After a surprisingly close election, and sweeping Congressional defeats across much of rural America, many observers are asking how the political left can pursue policies that address these profound holes in the Democratic Party’s electoral map.
In The Nation, Stacy Mitchell and Susan R. Holmberg suggest an answer: Return to the party’s New Deal roots and embrace an agenda that explicitly supports small businesses rather than large corporations.
“On September 5, 1955, the indomitable Walter Reuther, a towering figure in the labor movement and head of the Congress of Industrial Organizations (CIO), began his Labor Day message to Americans by commemorating all that unions had achieved, from higher wages to greater dignity on the job. Reuther, who’d been an architect of the sit-down strikes that unionized the auto industry and who became an important ally of Martin Luther King Jr., then turned to another subject: the conditions facing the nation’s small-business owners. “Big corporations are getting more and more of the market,” he lamented.
The CIO intended to fix this problem. Its legislative platform during these years called for easing the tax burden on small businesses, extending them more credit, and stepping up antitrust enforcement. In 1957 the labor federation, which by then had become the AFL-CIO, cheered a Supreme Court antitrust ruling that went against General Motors and DuPont. The decision, the federation reported, set a legal precedent that would help prevent small businesses from being “unmercifully squeezed.” That year, the AFL-CIO demanded a “thorough-going investigation into monopoly, and legislation to protect the legitimate interests of small business.”

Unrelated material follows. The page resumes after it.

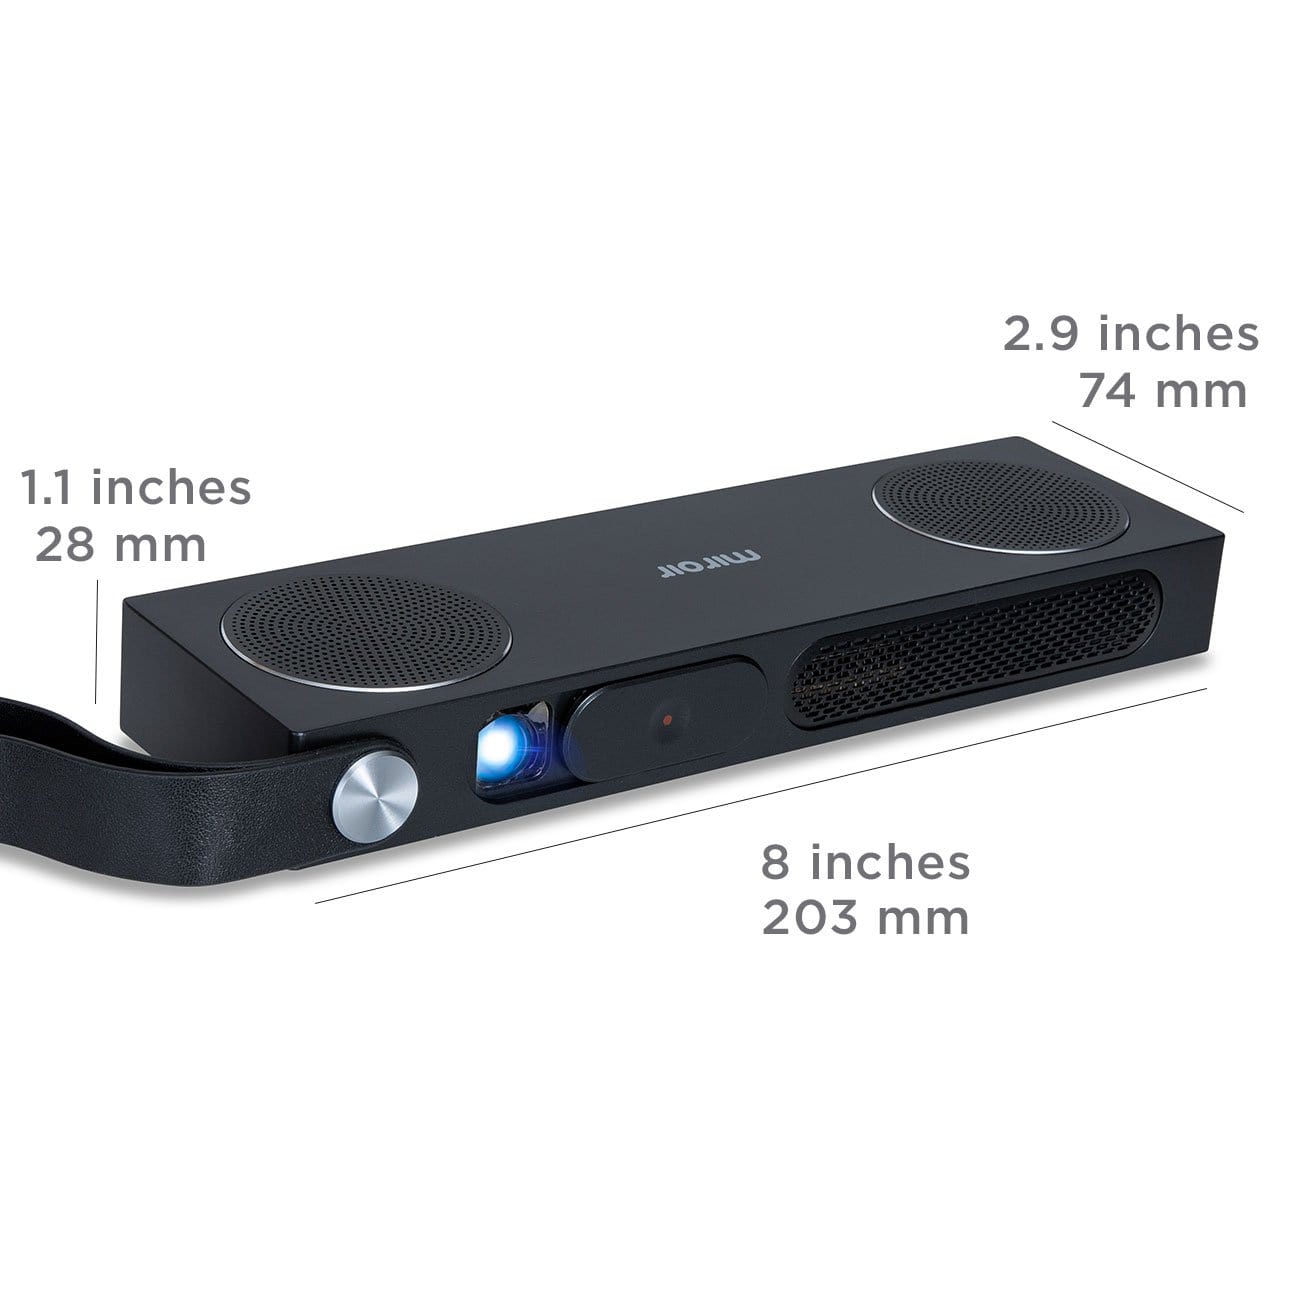 Miroir M280A Smart WiFi, Bluetooth, Portable LED Projector, Dual Speakers, Netflix and Other App's, HDMI, USB Type A Reader,Battery-Powered

Reuther’s support for small business was not some strange anomaly in left-wing politics. For much of the 20th century, labor was allied with small business in the fight for a fair economy. For decades starting in the 1930s, the Democratic Party counted small businesses as a core constituency, alongside organized workers, and made their welfare a central concern of its policy agenda. This fact surprises many today because it’s a history long ago abandoned. The shift came in the 1970s, when Democrats embraced the ascendancy of big corporations, reasoning that these large entities were more easily unionized and could deliver more for consumers. In turn, liberals began to see small businesses as not worth fighting for. They were, at best, irrelevant to the left’s vision and, at worst, an obstacle to it.